Natural Product-Drug Interaction (NPDI) Clinical Decision Support

Our mission

This project seeks to provide a necessary bridge between electronic health records and healthcare providers in the clinical decision making process. Providing information to clinicians about natural product-drug interaction warnings based on known attributes of the medications involved and patient specific factors is our goal. In essence, we seek to get the right information, at the right time, through the right channel, and the right format to clinicians. The construction of meaningful NPDI algorithms will permit healthcare providers, organizations, and systems to provide useful decision support to reduce patient harm due to these natural product-drug interactions.

Objectives

Individualize natural product-drug interaction alerts to individual patient circumstances so that physicians, pharmacists, and other healthcare providers will receive contextualized alerts, leading to greater attention to alerts when the patient is at risk for harm due to a NPDI.

Provide a comprehensive assessment of the evidence for NPDIs and factors that affect the risk of harm from specific natural product and drug combinations.
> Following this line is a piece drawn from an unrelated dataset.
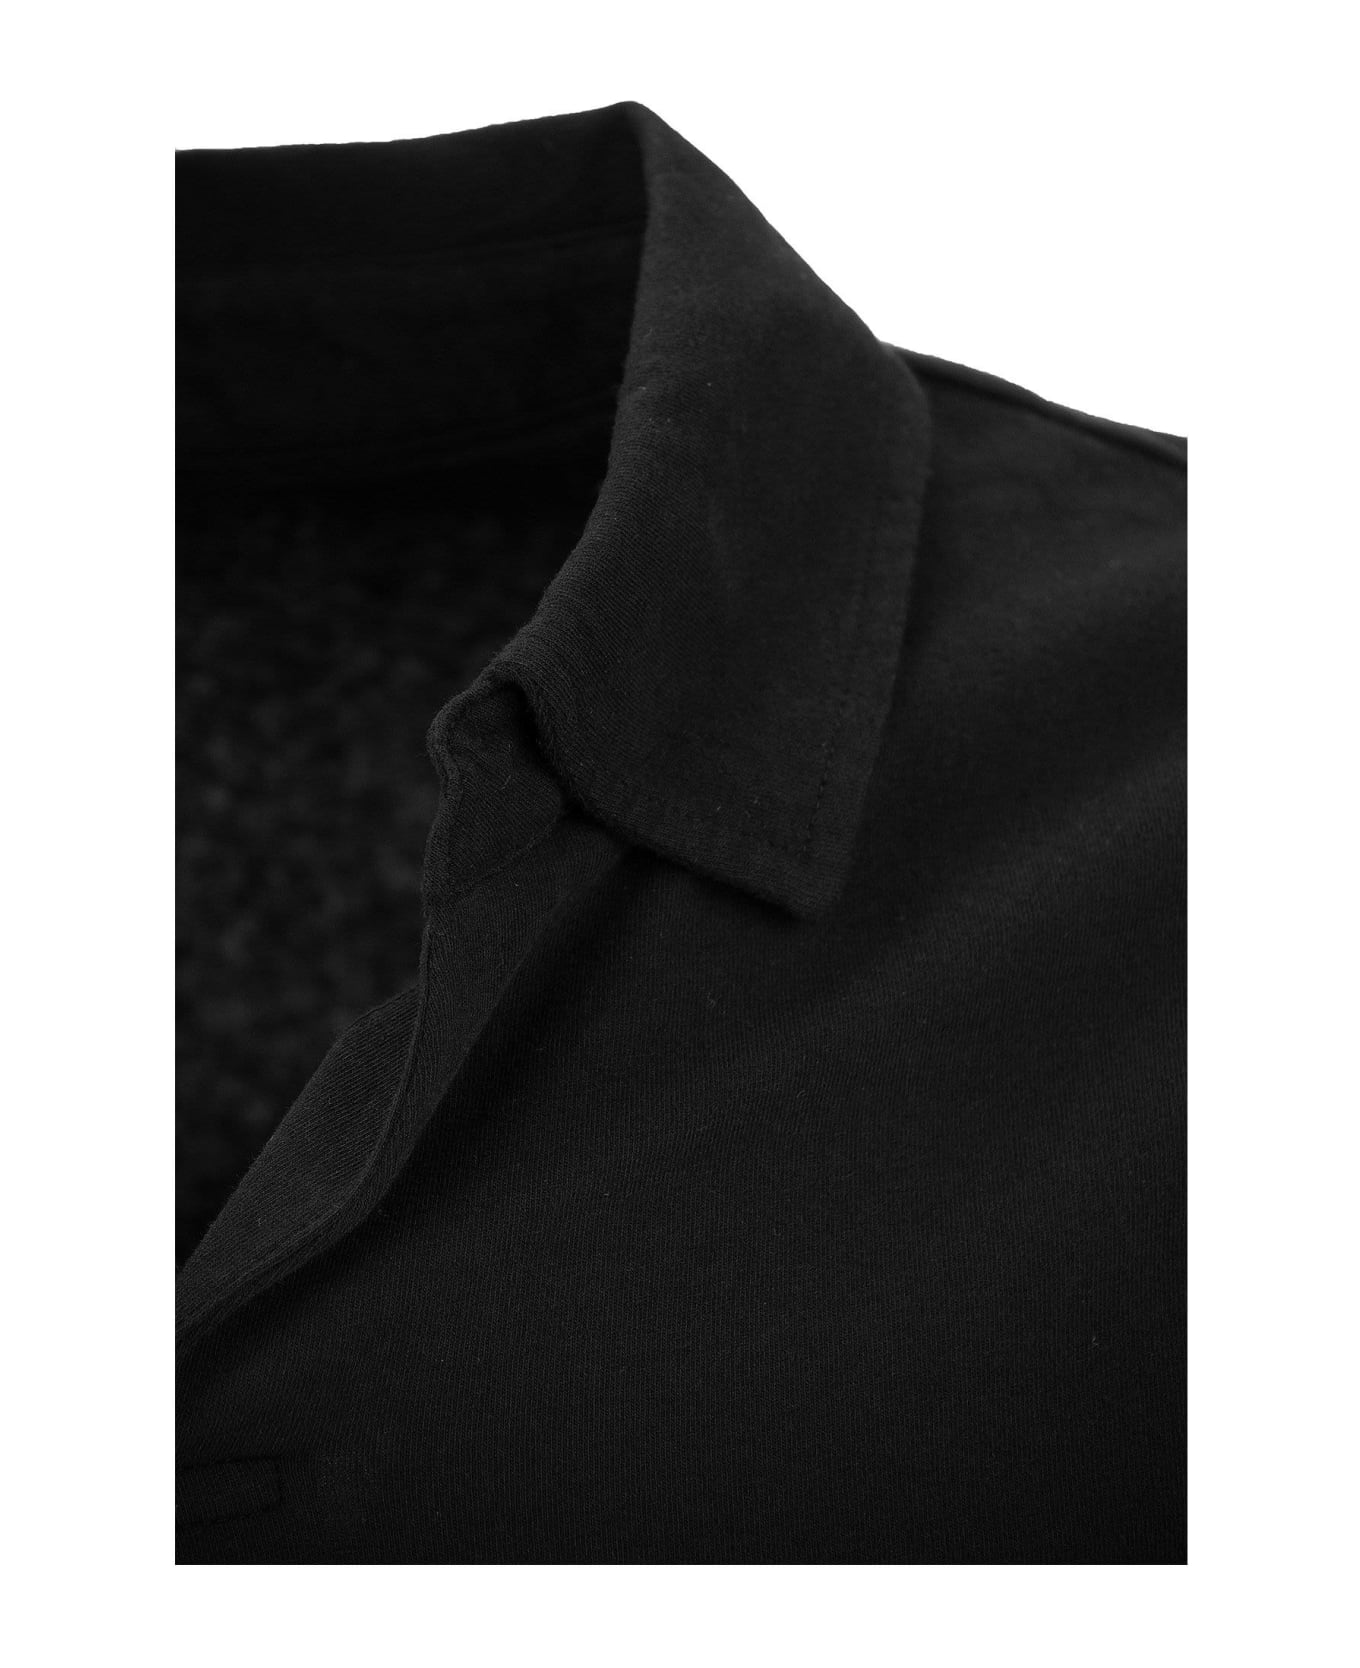 Majestic Filatures V-neck Short-sleeved Polo Shirt - Black ポロシャツ

The necessity for contextual NPDI warnings

NPDIs have the potential of posing a major risk to patient health, but are preventable because of proposed consequences found from in-vitro studies and case reports.

Over the past two decades, the increasing use of natural products including dietary supplements, vitamins, and botanicals alongside pharmaceutical medications has raised concerns about possible adverse events and decreased efficacy of pharmaceutical products. In addition, older adults, who often take multiple medications and natural products simultaneously (up to 88% in the US), may face greater risks than the rest of the population. Generation of evidence-based CDS is important in order to mitigate adverse events resulting from NPDIs.

Need for greater specificity for warnings based on drug attributes

Advances in electronic health records are opening up new possibilities for alerts that account for dose, route of administration, duration of treatment, care setting.

Need to incorporate patient-level factors in decision making

Because patient data is being captured in real-time, algorithms can be constructed to query the most recent laboratory tests, physiological status, commodities, and other risk factors to assess the likelihood of harm at the time of prescribing.